Is nuclear fusion finally poised to deliver?
“We are standing on the ground that could change the future of energy,” says engineer Laurent Pattison, deep in the reactor pit of the world’s biggest nuclear fusion project.
Around him is a vast construction site, all aimed at creating temperatures of 150mC on this spot and finally bringing the power of the sun down to Earth. The €18bn (£14.3bn) Iter project, now rising fast from the ground under the bright blue skies of Provence, France, is the first capable of achieving a critical breakthrough: getting more energy out of the intense fusion reactions than is put in.
“It is a bet that is very important for humanity,” says Johannes Schwemmer, the director of Fusion for Energy, the EU partner in the international Iter collaboration. “We need to get this energy once and for all.”
The long allure of nuclear fusion is simple: clean, safe, limitless energy for a world that will soon house 10bn energy-hungry citizens. But despite 60 years of research and billions of dollars, the results to date are also simple: it has not delivered.
Fusion is in danger of following its atomic cousin, conventional fission nuclear power, in over-promising – “electricity too cheap to meter” – and under-delivering. The Iter project itself, which stems from a cold war Reagan-Gorbachev summit in 1985, has seen years of turmoil. The US pulled out entirely between 1998-2003 and in 2008, Iter had to treble its budget and shift its deadline back a decade.
But leaders representing half the world’s population – through the Iter partners, the EU, China, Russia, US, India, Japan and South Korea – are now making the €18bn wager that fusion can deliver and have radically overhauled Iter’s management to fix the mistakes of the past.
The goal is to trap a plasma in a huge magnetic ring and force heavy hydrogen isotopes to fuse together to release prodigious amounts of energy – four times more than the splitting of uranium atoms produces in conventional fission reactors.
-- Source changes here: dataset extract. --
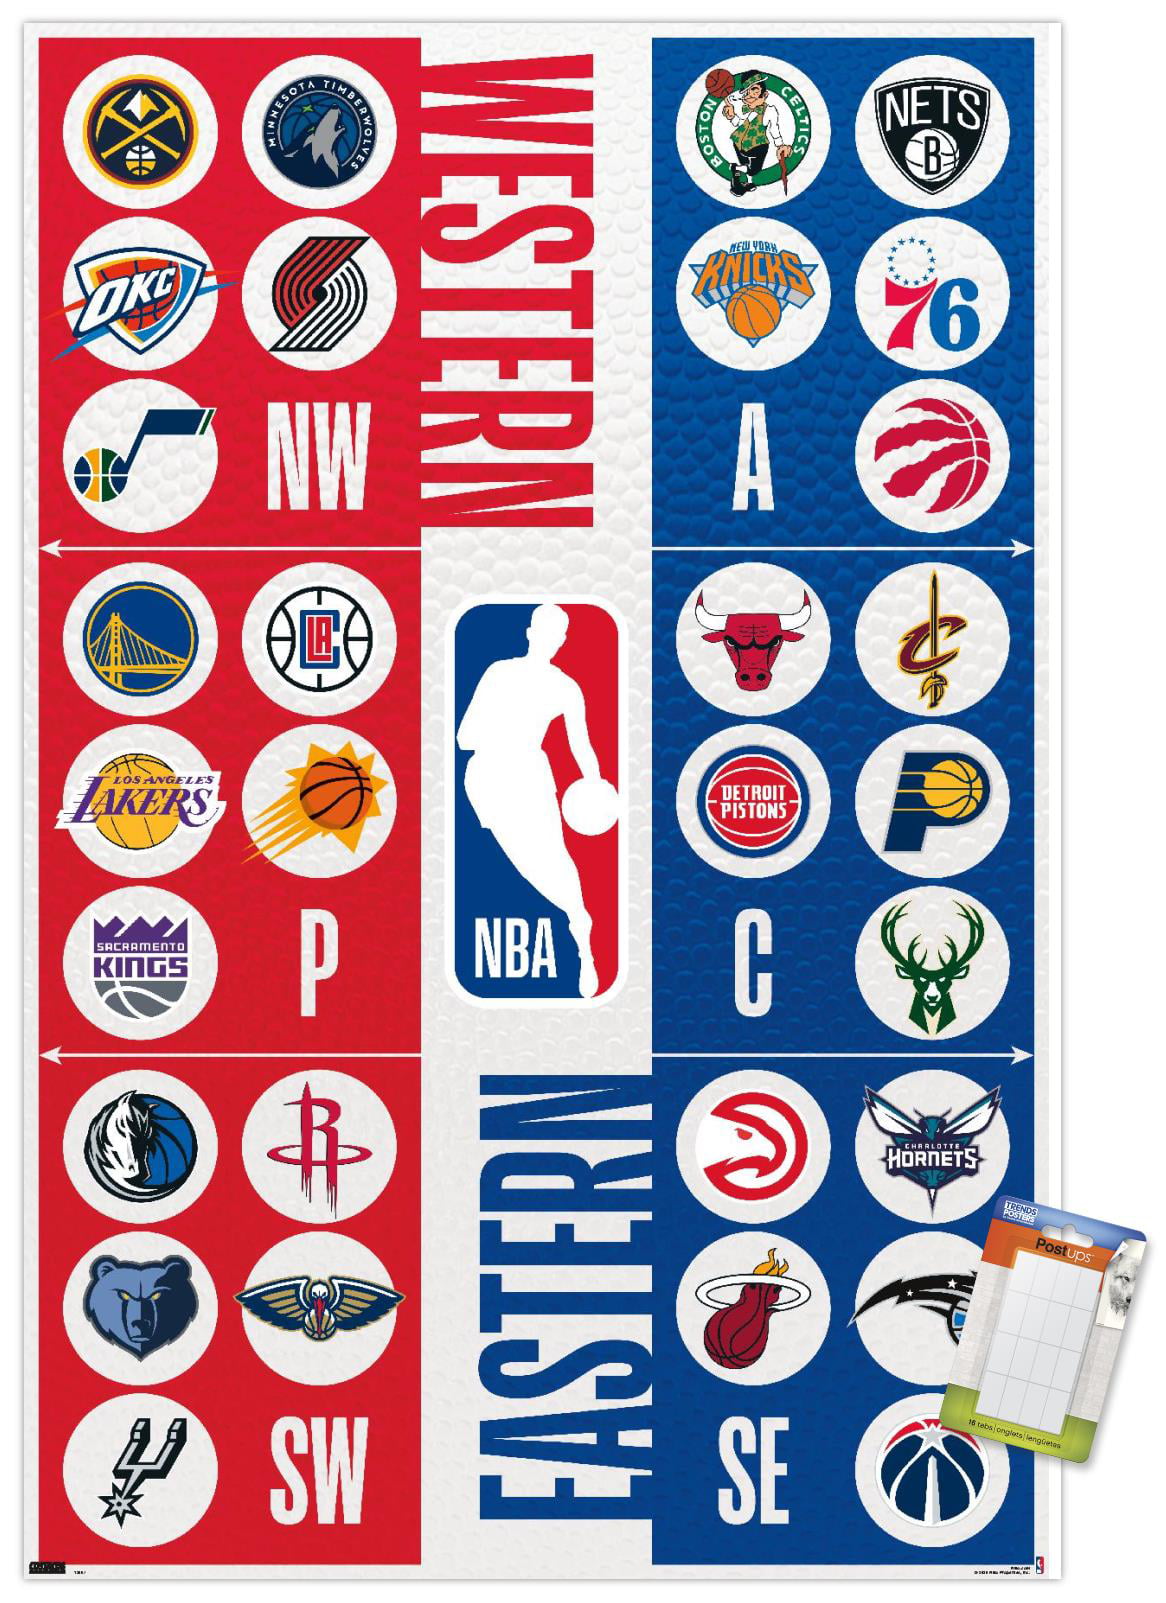 Corporate logos to adorn NBA jerseys

“We are convinced we can deliver hundreds of megawatts through Iter,” up to 10 times more energy than is put in, says David Campbell, the director of science and operations at Iter (which means “the way” in Latin).
To achieve that breakthrough, Iter will use a donut-shaped magnetic cage called a tokamak to trap the plasma. More than 200 smaller tokamaks have been built around the world and Campbell says the decades of physics and engineering that Iter is building on is a strong guarantee of success.
But nothing has ever been attempted on the scale of Iter. The world record for fusion power – 16MW – was set in 1997 at the JET reactor in the UK. The longest fusion run – six minutes and 30 seconds – was achieved at France’s Tore Supra in 2003. Iter is aiming for 500MW and 50-minute runs.

The site is a cathedral to the fusion dream: it spans the equivalent of 60 football fields and the reactor building will weigh 320,000 tonnes, all resting on rubber bearings in case of an unlikely, but not impossible, earthquake. The reactor itself will weigh 23,000 tonnes, three times more than the Eiffel Tower. It is the most complex engineering project in history.
More than 2,800 tonnes of superconducting magnets, some heavier than a jumbo jet, will be connected by 200km of superconducting cables, all kept at -269C by the world’s largest cryogenic plant, which will pump 12,000 litres per hour of liquid helium.
Millions of precision components will be shipped in from the seven partners to be assembled by thousands of workers. This is all aimed at keeping just two grammes of plasma hot enough and stable enough in the 30m-diameter tokamak for fusion to take place.
Iter’s schedule is to create the first plasma in 2025, then start firing tiny 5mm frozen pellets of heavy hydrogen – deuterium and tritium – into the plasma and generating energy. Deuterium is easily refined from seawater and fuses with tritium, which is harvested from fission reactors but could be self-generated in Iter in future. The aim is to reach its maximum power output by 2035 and, if so, Iter will be the foundation of the first fusion power plants.
Bernard Bigot, the director general of Iter, is certain it will produce plentiful power, “but what is not granted so far is that this technology will be simple and efficient enough that it could be industrialised,” he says.
The point of Iter is finding out, says Bigot: “The world needs to know if this technology is available or not. Fusion could help deliver the energy supplies of the world for a very long time, maybe forever.”